After Garcia was shot, police and paramedics performed chest compressions on him for about 10 minutes until he was taken away in an ambulance. He later died.

Johnny Aranda was seated at a table on the Sandy’s Beach Shack patio eating with friends when he heard a series of loud pops behind him.

“It didn’t sound loud enough at first to be gunfire,” said Aranda, 48. “But then I saw police, and then I thought, OK, that’s gunfire.”

When he saw the officers running, he got out of his seat and ran to a window; He said he watched as the man pointed a gun at officers, and as police shot him on the ground. People inside Sandy’s were screaming.

“It was surreal, I was like, ‘Is this really happening?’” Aranda said. “You always dread that you go somewhere and a shooting occurs.”

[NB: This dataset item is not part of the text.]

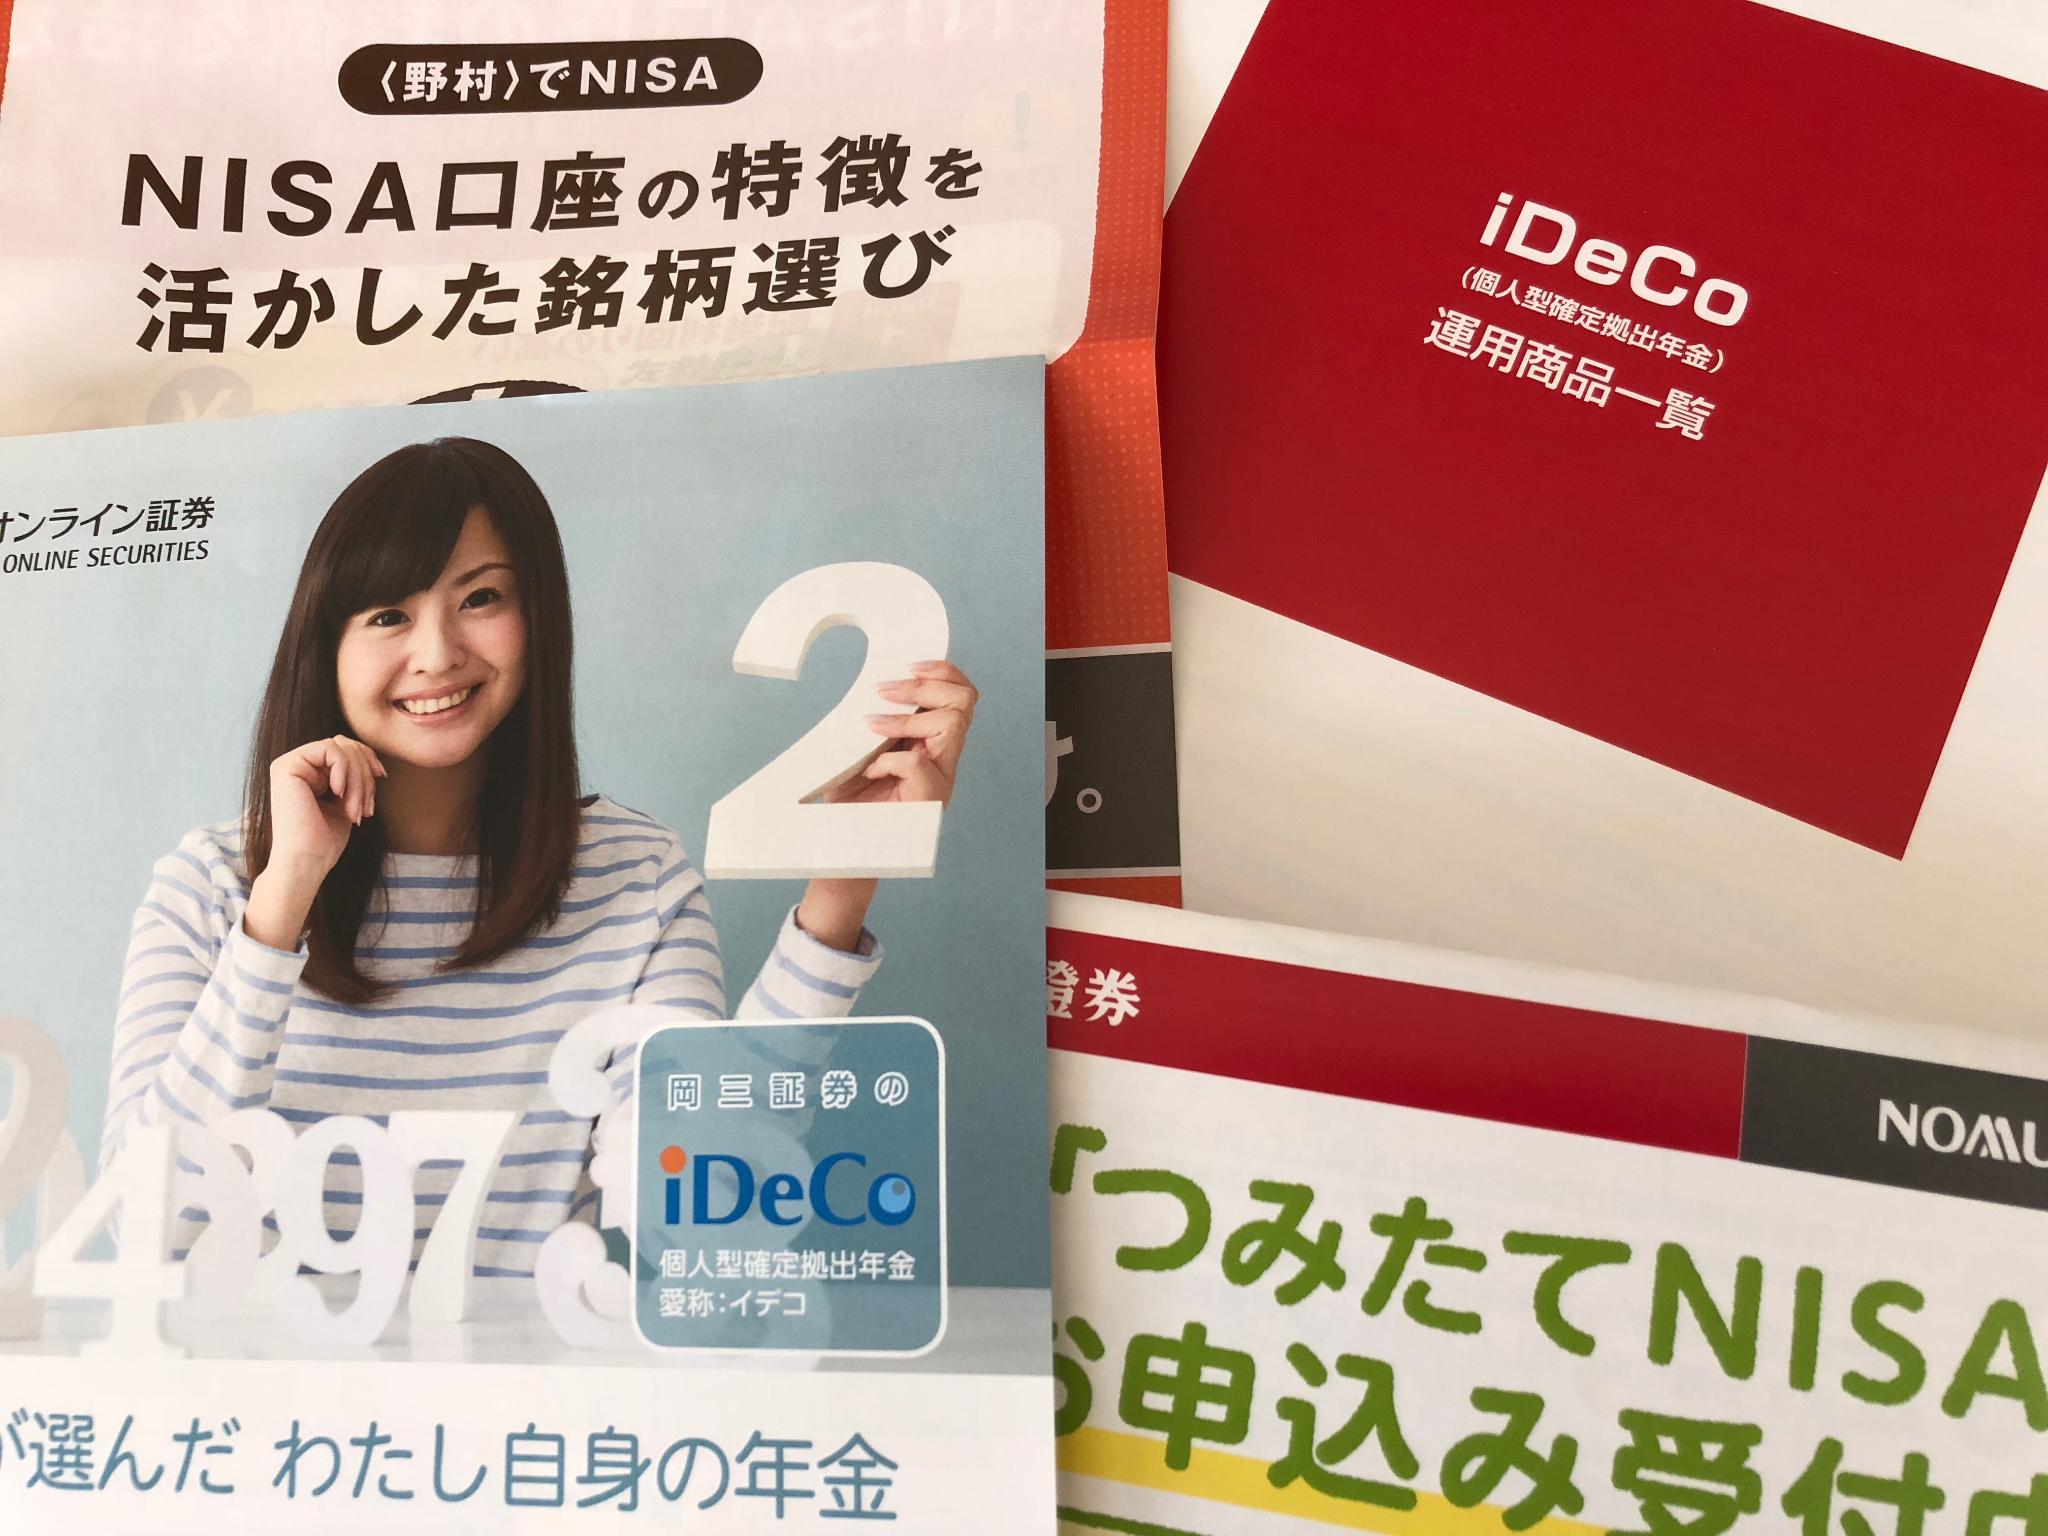 【税制面でお得な投資優遇制度】iDeCo(イデコ)とつみたてNISAを比較~違いを徹底解説~

The shooting took place near the pathway leading to the outermost vendors of the event, steps away from an official U.S. Open of Surfing merchandise stand. The video of the man was partially blocked by pylons bearing the names of U.S. Open competitors from the past.

If it hadn’t been for the pandemic, the U.S. Open might have been a lot bigger, with thousands more spectators on Saturday.

“This was a much more scaled-down version of the U.S. Open, almost unrecognizable,” said Jennifer Carey, a spokeswoman for Huntington Beach police.

The event still retained its famously laid-back vibe — anyone enjoying the beach or taking in the surfing competition can walk through the exhibition areas or view the action from the pier, free of charge.

Regardless, Carey said Huntington Beach maintained the same amount of security for the event as years past.

“We increase staffing at the pier for any major influx of visitors,” Carey said. “Hopefully something like this never happens again.”

The city announced Sunday it is offering emotional support services to anyone who witnessed the shooting or was in the vicinity. Those wanting to learn more should contact Tony Delgado at Be Well OC at 949-749-2301, the Huntington Beach Police Department announced on its Facebook page. Huntington Beach residents also can call or text the free and confidential O.C. WarmLine at 714-991-6412, 24 hours a day, 7 days a week, the announcement said. The line is run by the National Alliance on Mental Illness.

Additionally, the city plans to host a community meeting on an as-yet undetermined date.